**YOUR OBJECTIVE:** From the first line to the last, copy the listing exactly and omit the images.

(Beginning of DATA SHOWN)

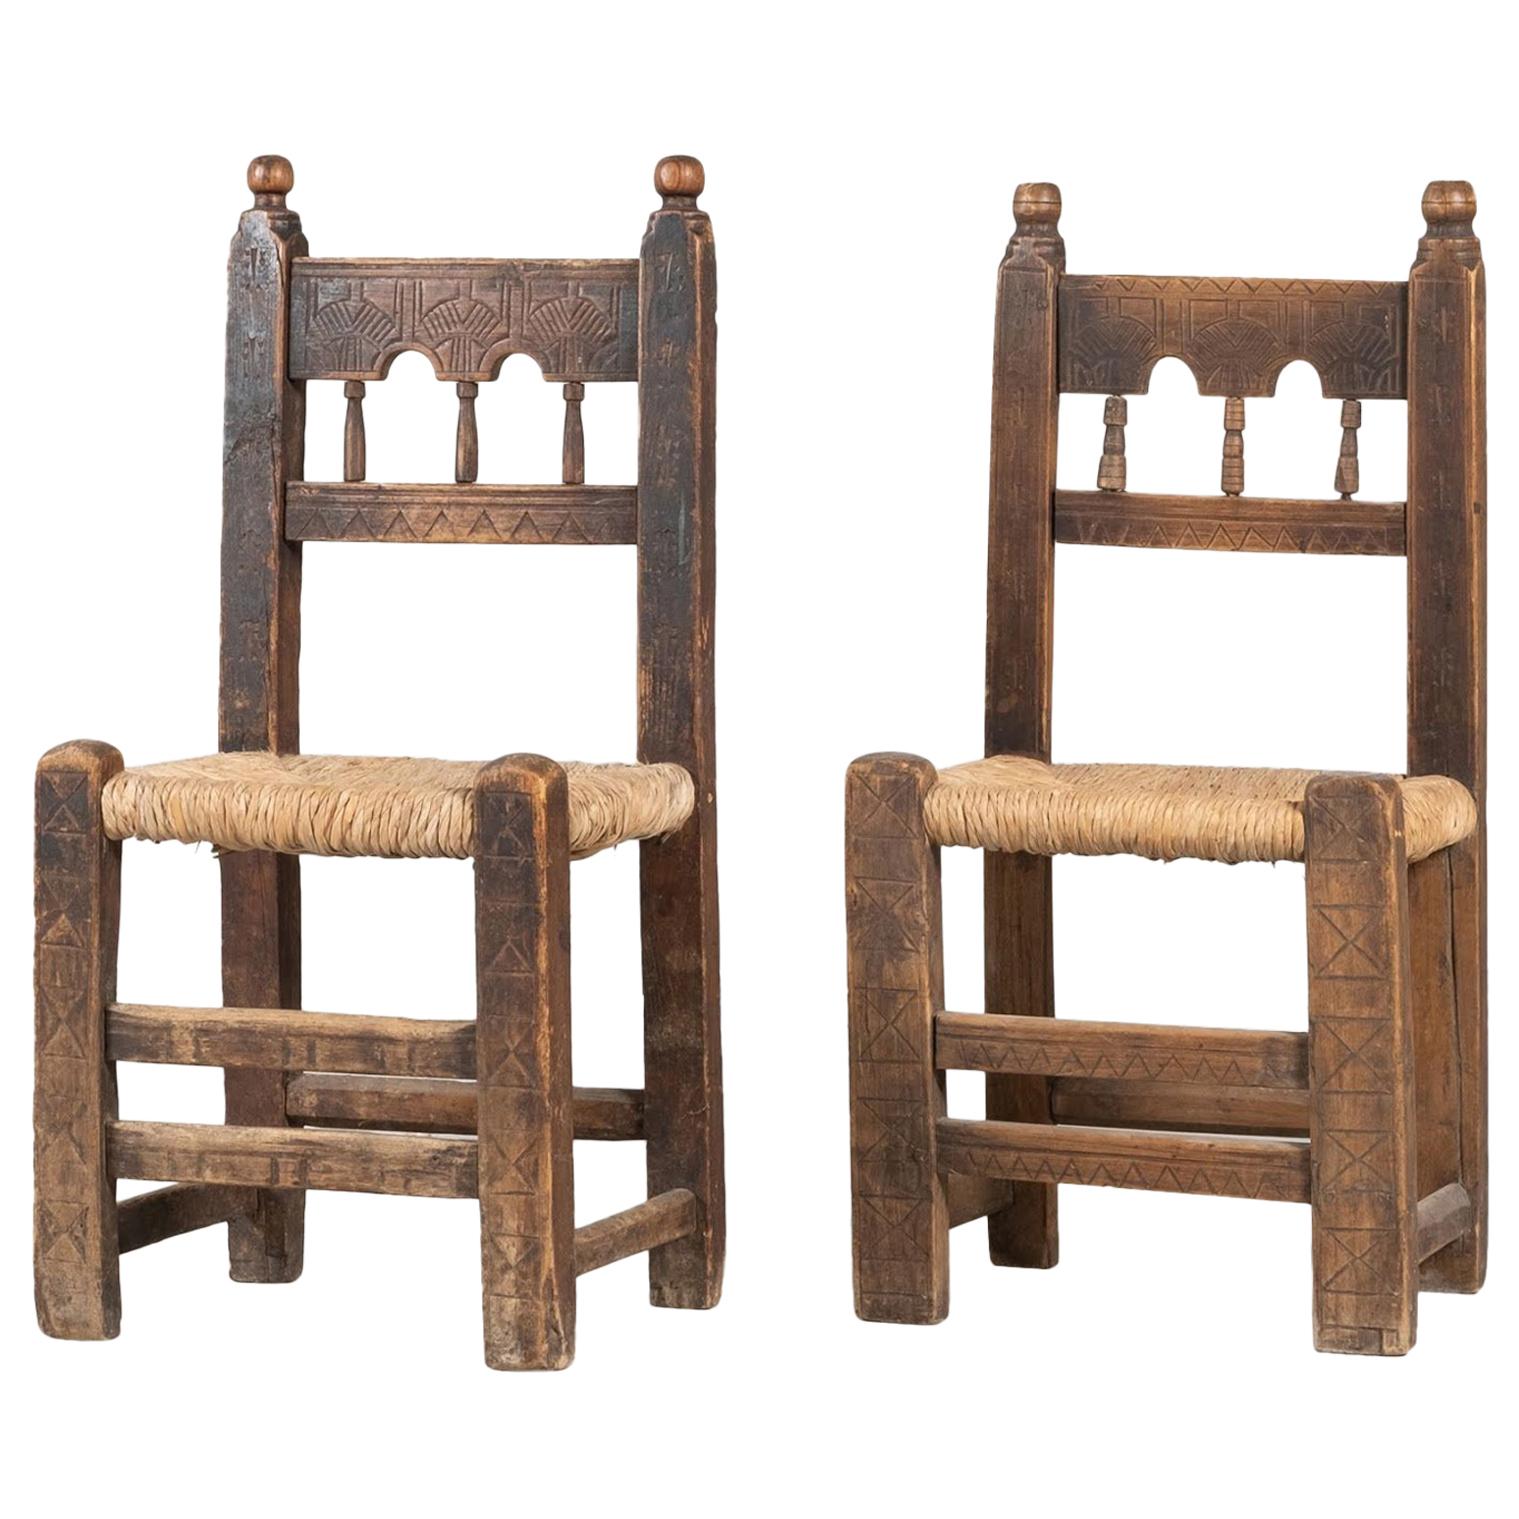 Poplar Straw-Bottom Chair, East Europe, Early 1800 For Sale
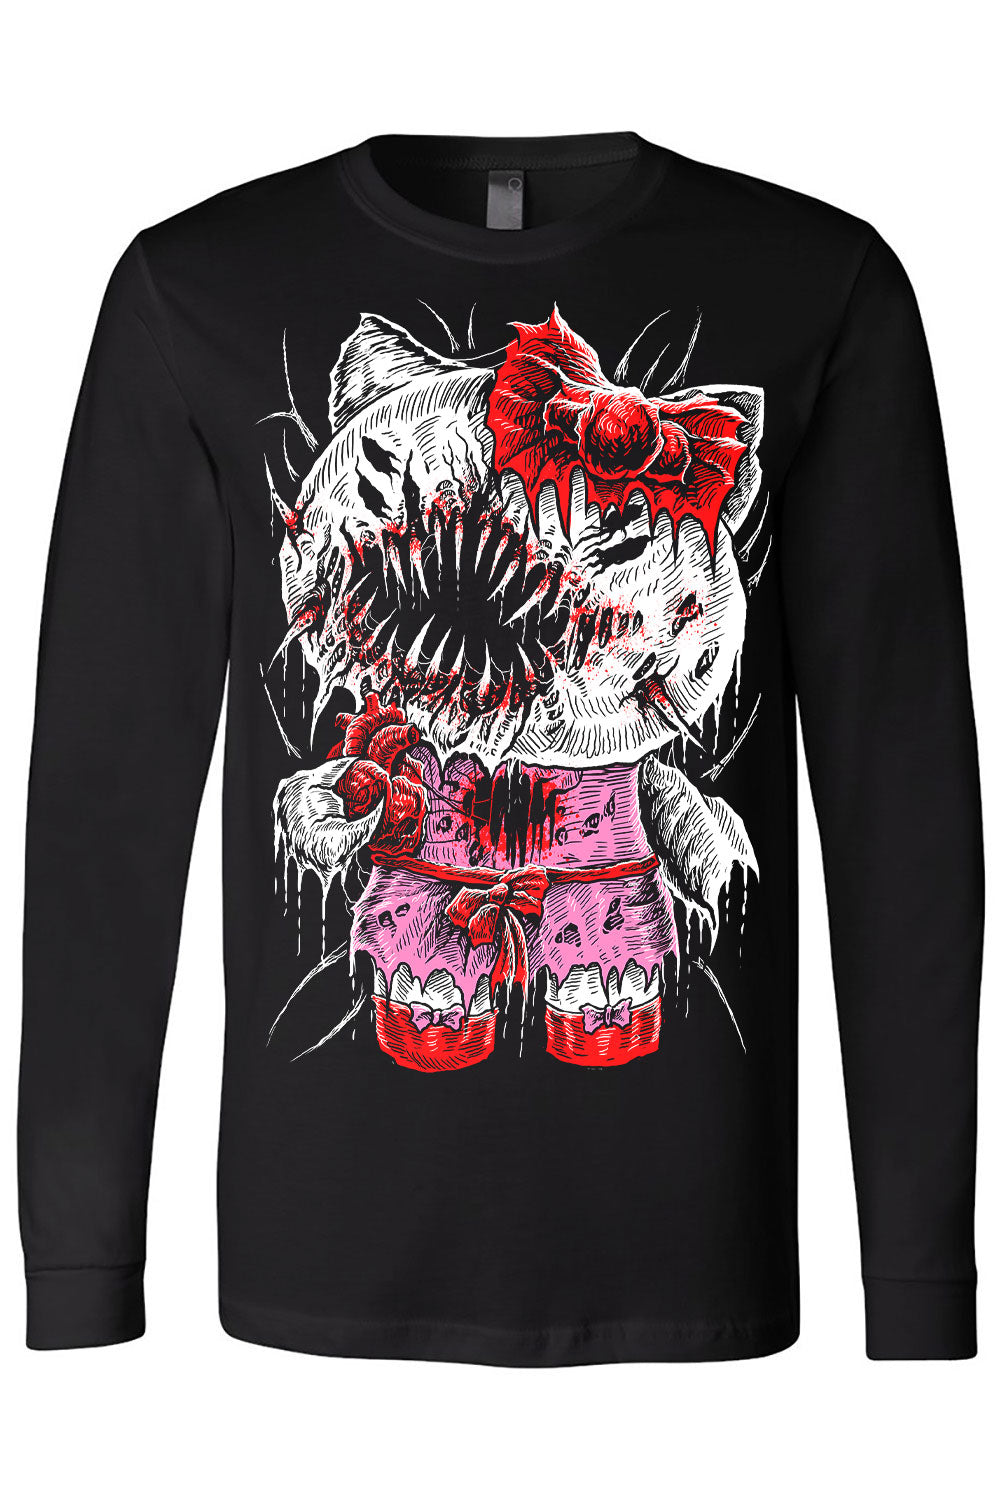 anti valentines day long sleeve shirt for men
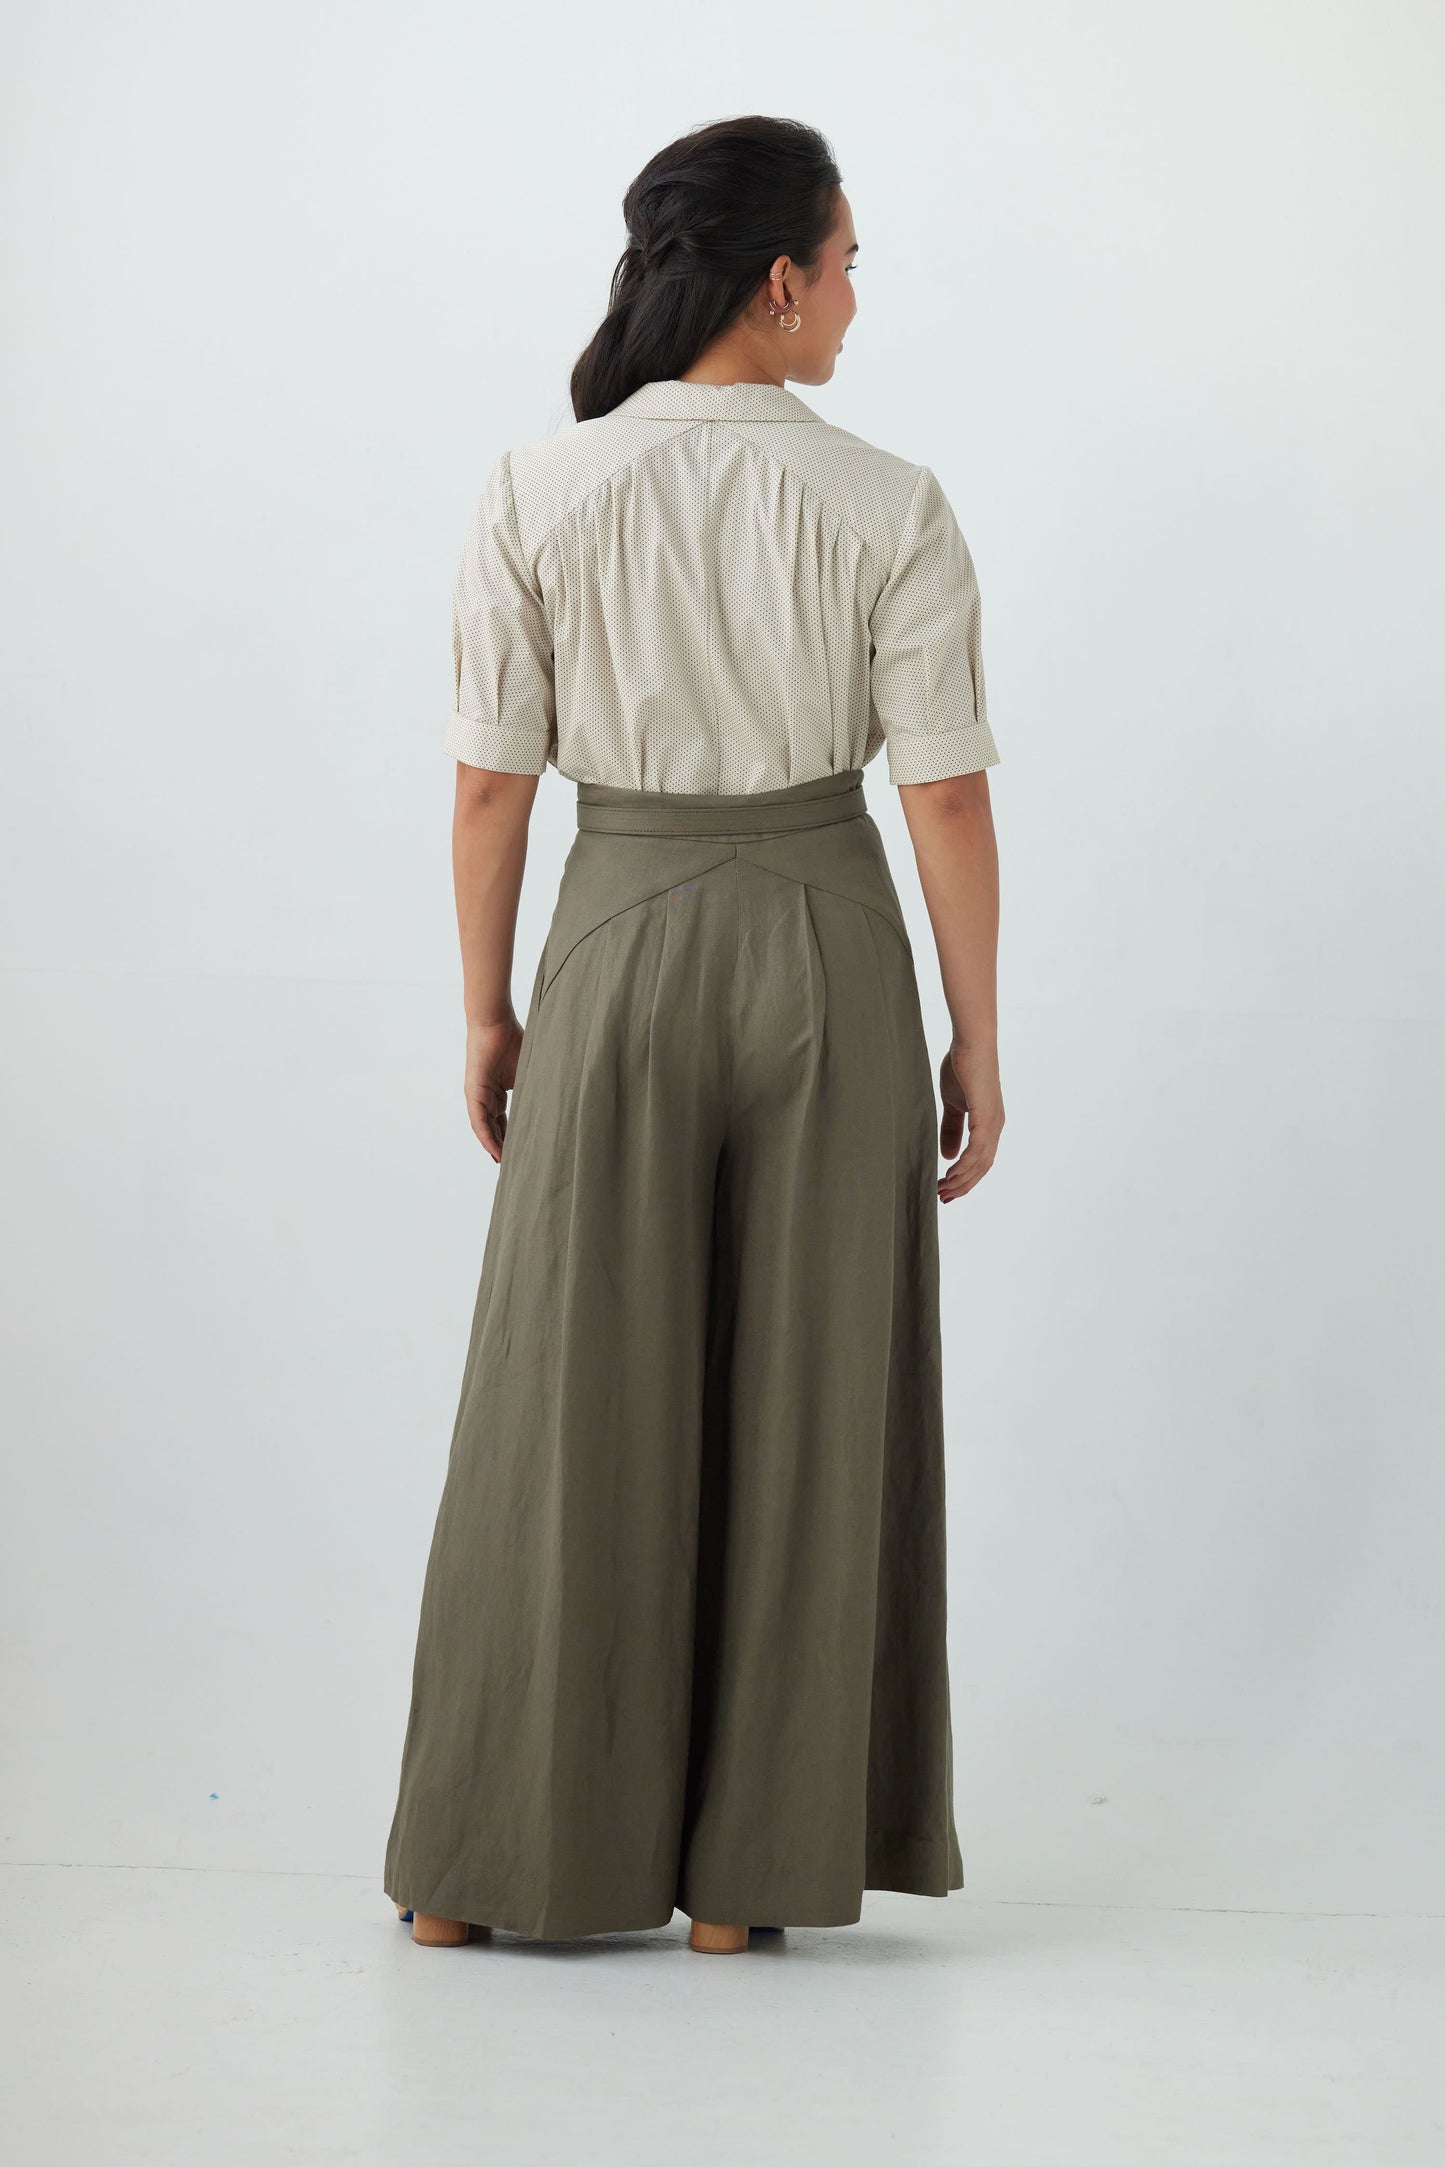 Katherine Pant in Linen Blend Pants CHRISTINE ALCALAY   
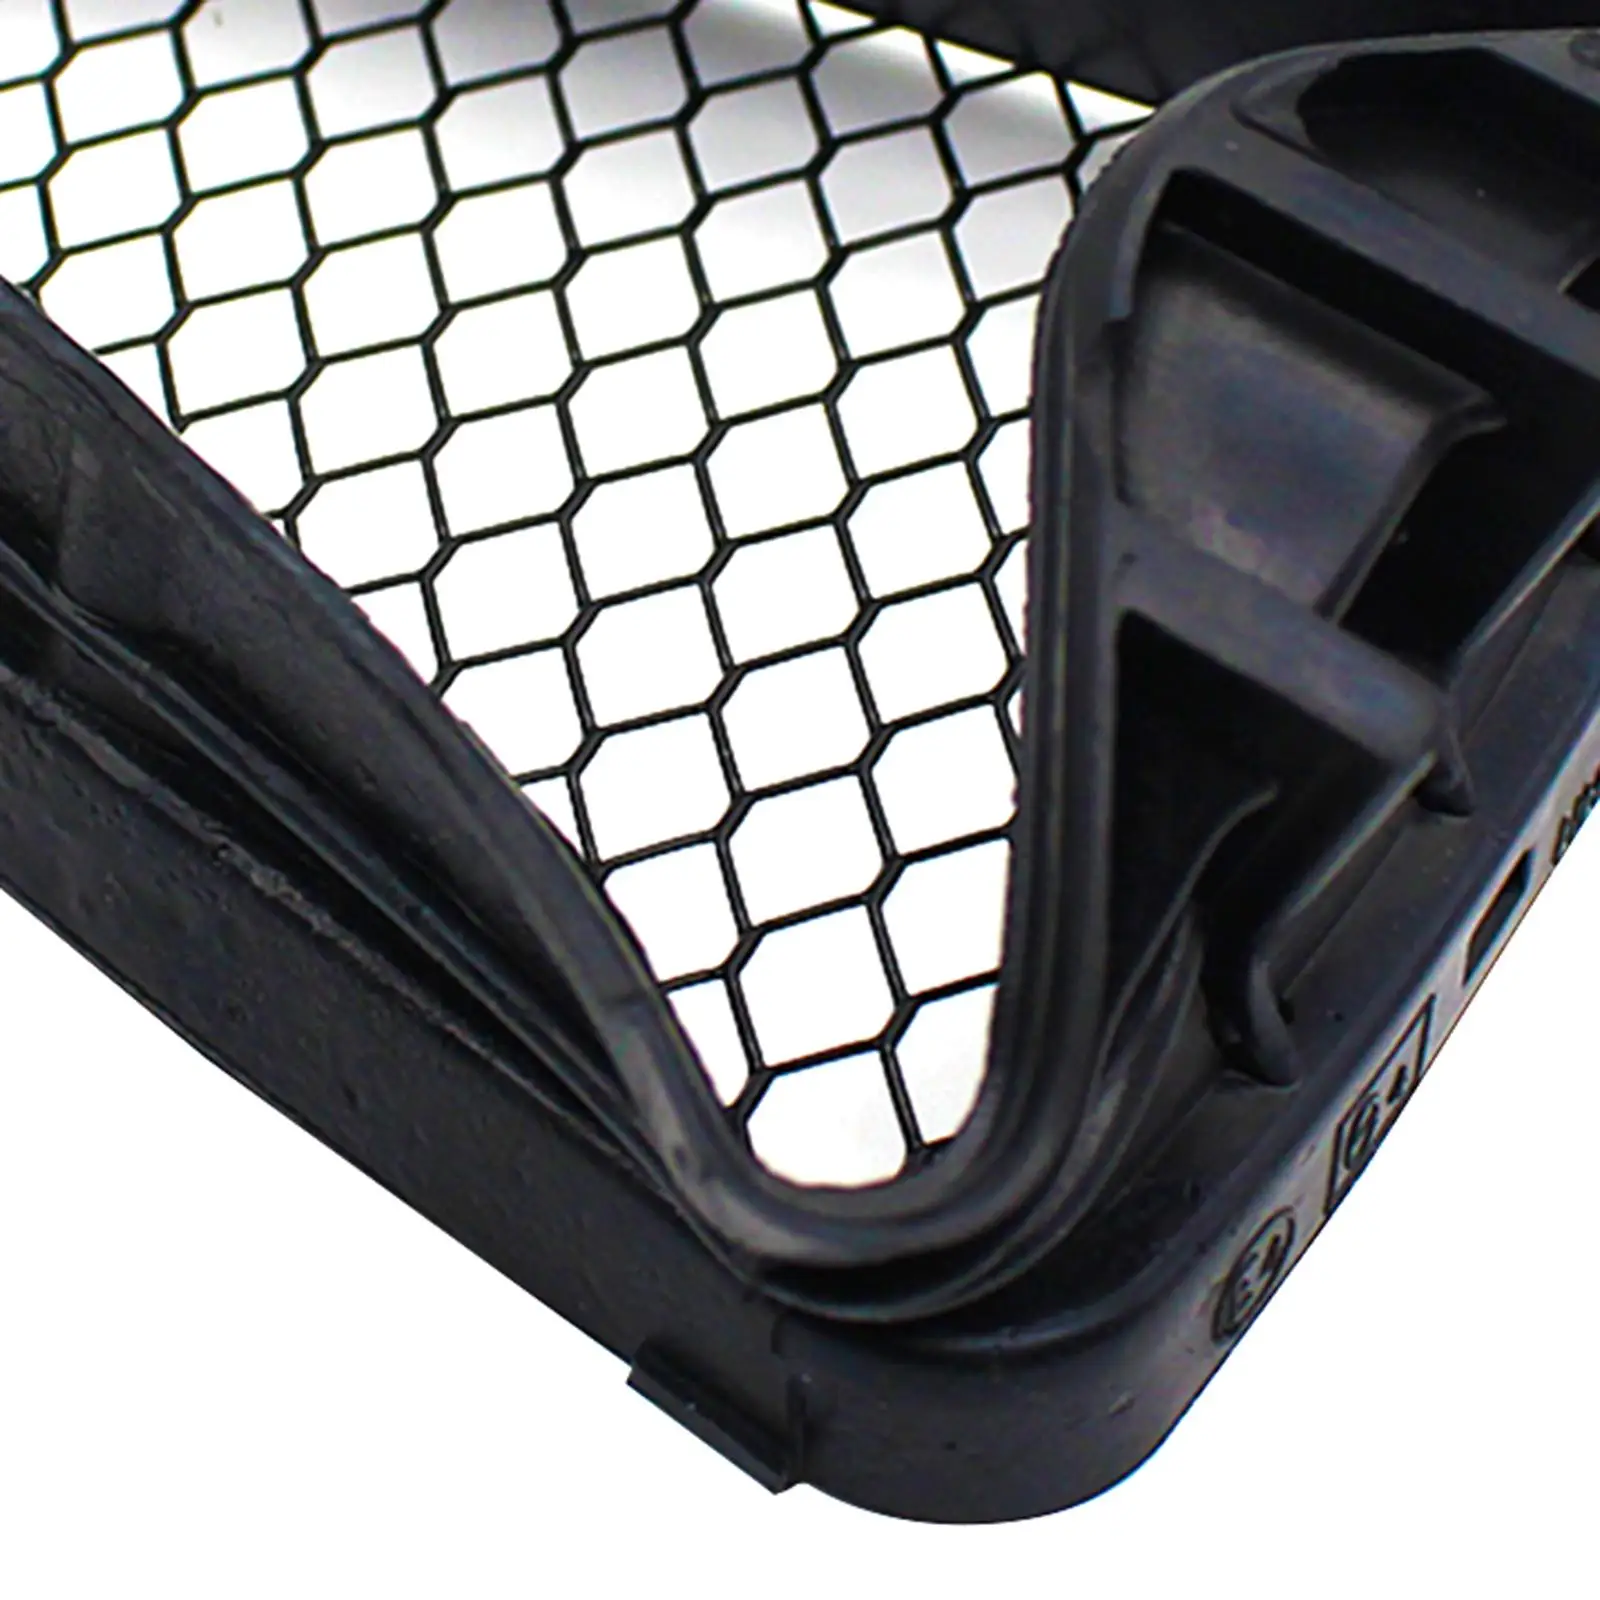 Air Intake Duct Net Cover Replacement Black for CBR600Rr 2007-2012

(End of DATA SHOWN)

**RESPONSE:**
 Poplar Straw-Bottom Chair, East Europe, Early 1800 For Sale
 anti valentines day long sleeve shirt for men
 Katherine Pant in Linen Blend Pants CHRISTINE ALCALAY   
 Air Intake Duct Net Cover Replacement Black for CBR600Rr 2007-2012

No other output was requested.